[REQUIRED ACTION]:
In the copy, keep every word of the data below and none of its pictures.

[DATA EXCERPT]:
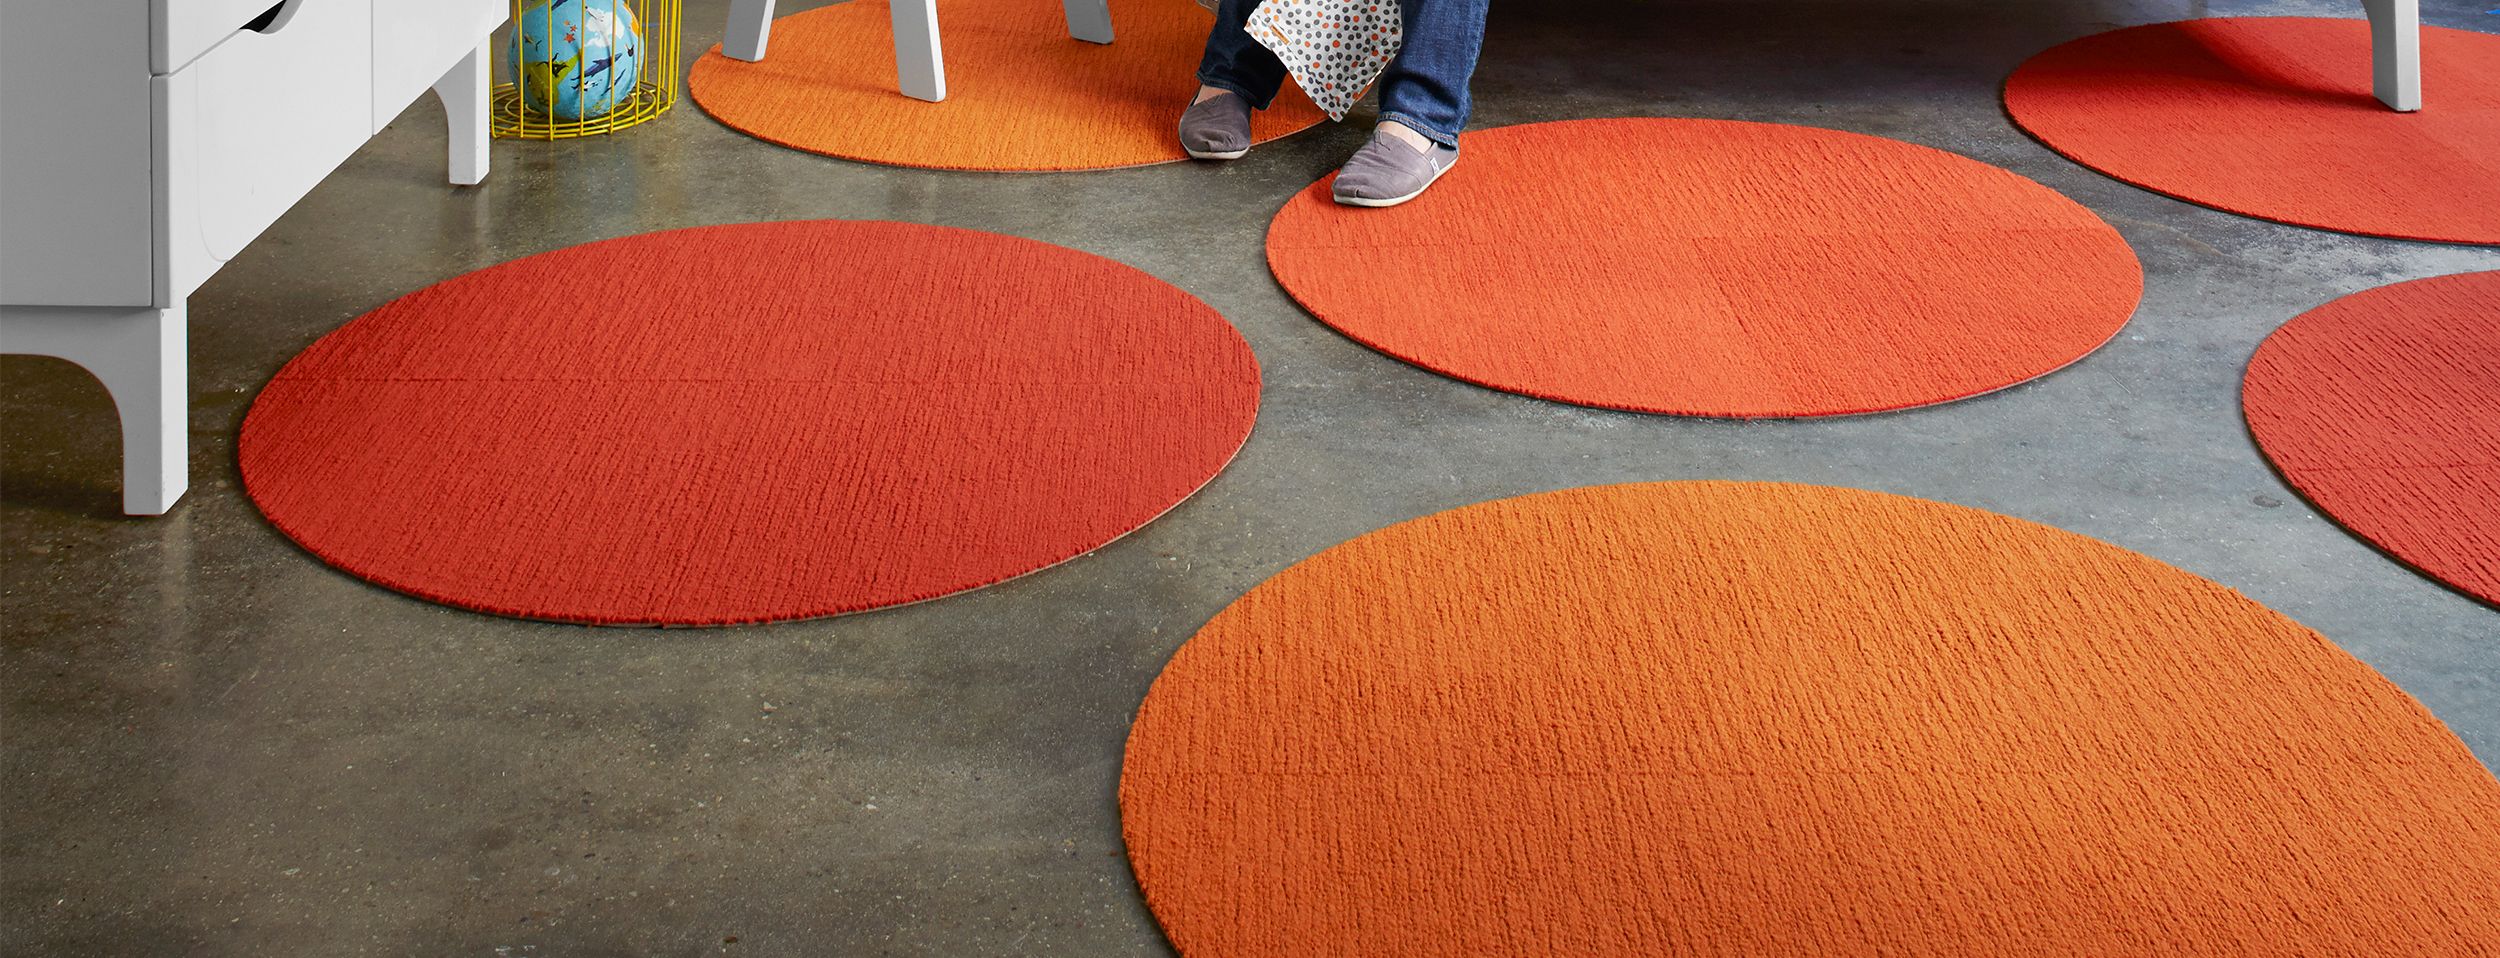 Made You Look Round Rug – Orange –  (View 3 of 15)
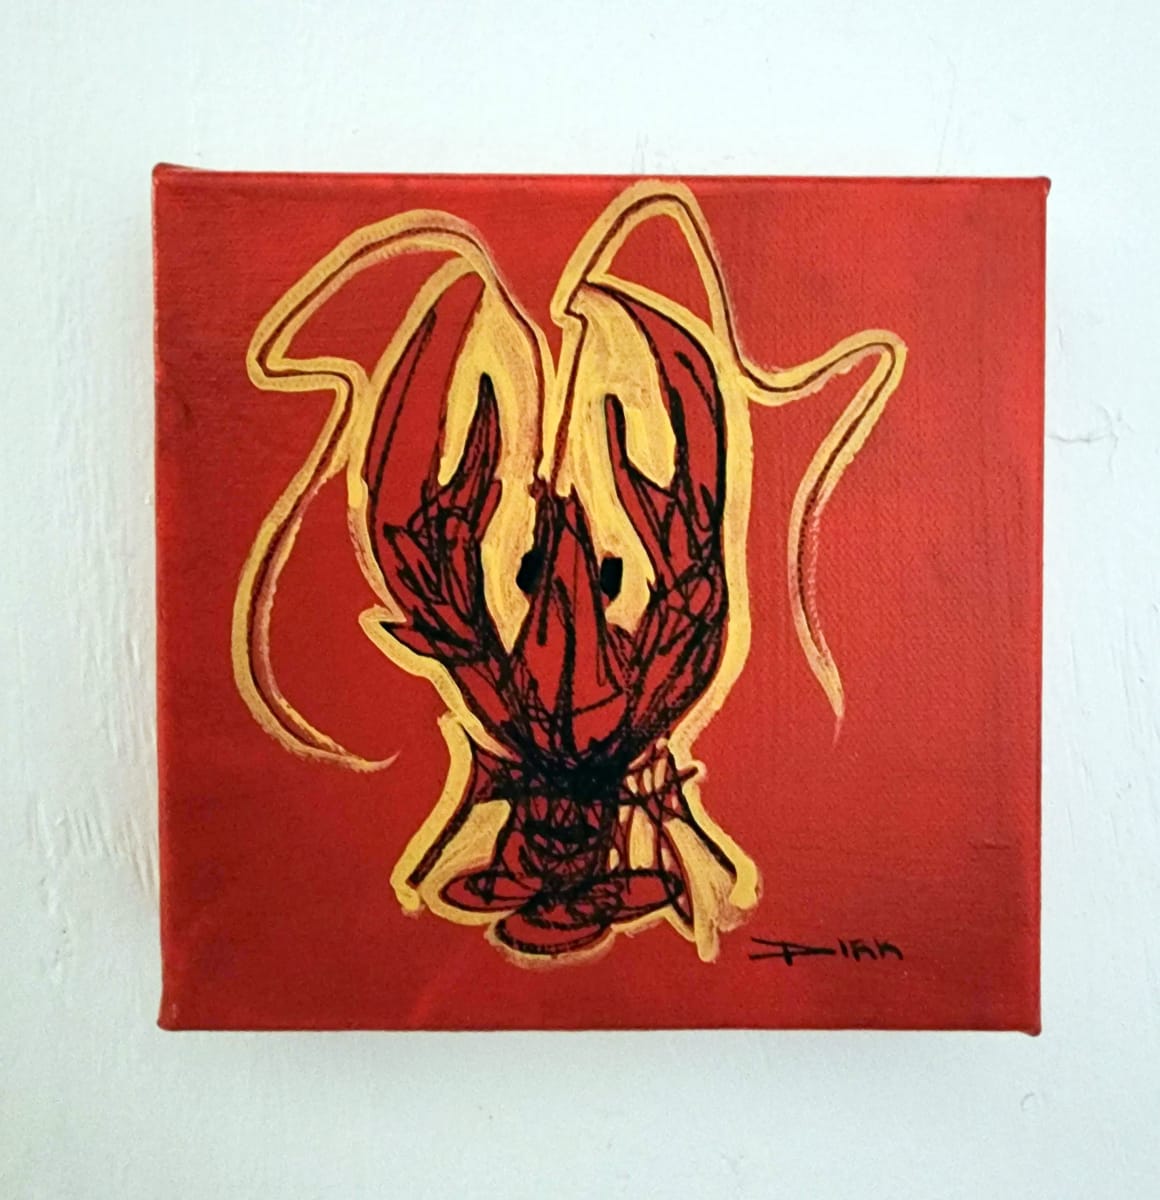 Crawfish on canvas #3 by Dirk Guidry 
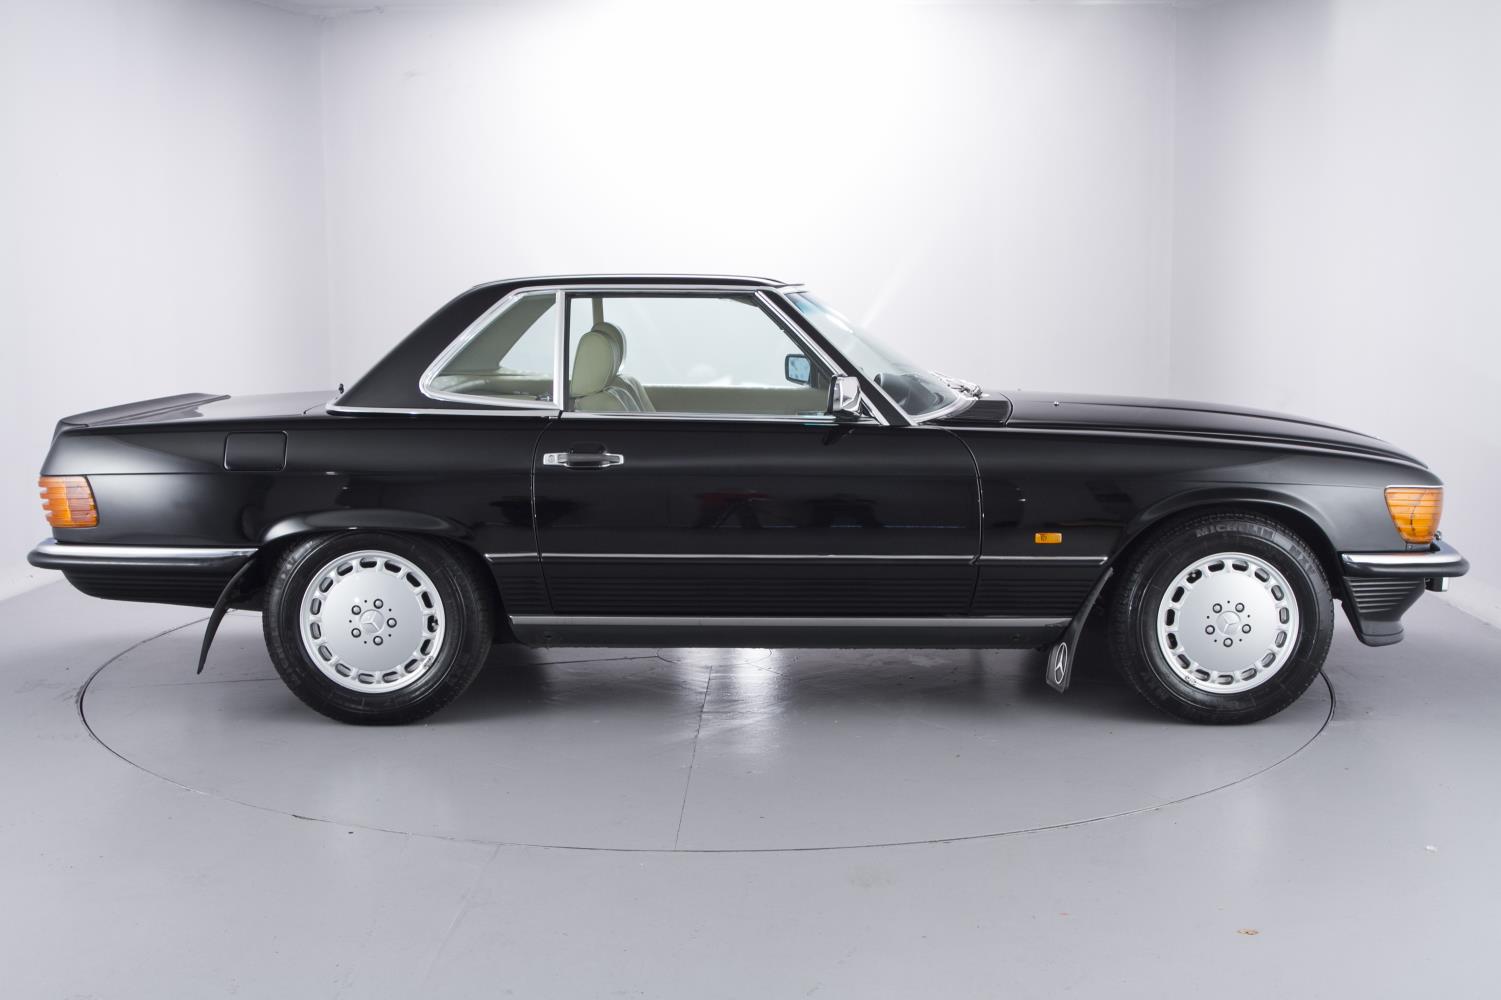 1989 Mercedes-Benz 500 SL With 965 Miles On The Clock Is ...

[REPLY TO THE TASK]:
 Made You Look Round Rug – Orange –  (View 3 of 15)
 Crawfish on canvas #3 by Dirk Guidry 
 1989 Mercedes-Benz 500 SL With 965 Miles On The Clock Is ...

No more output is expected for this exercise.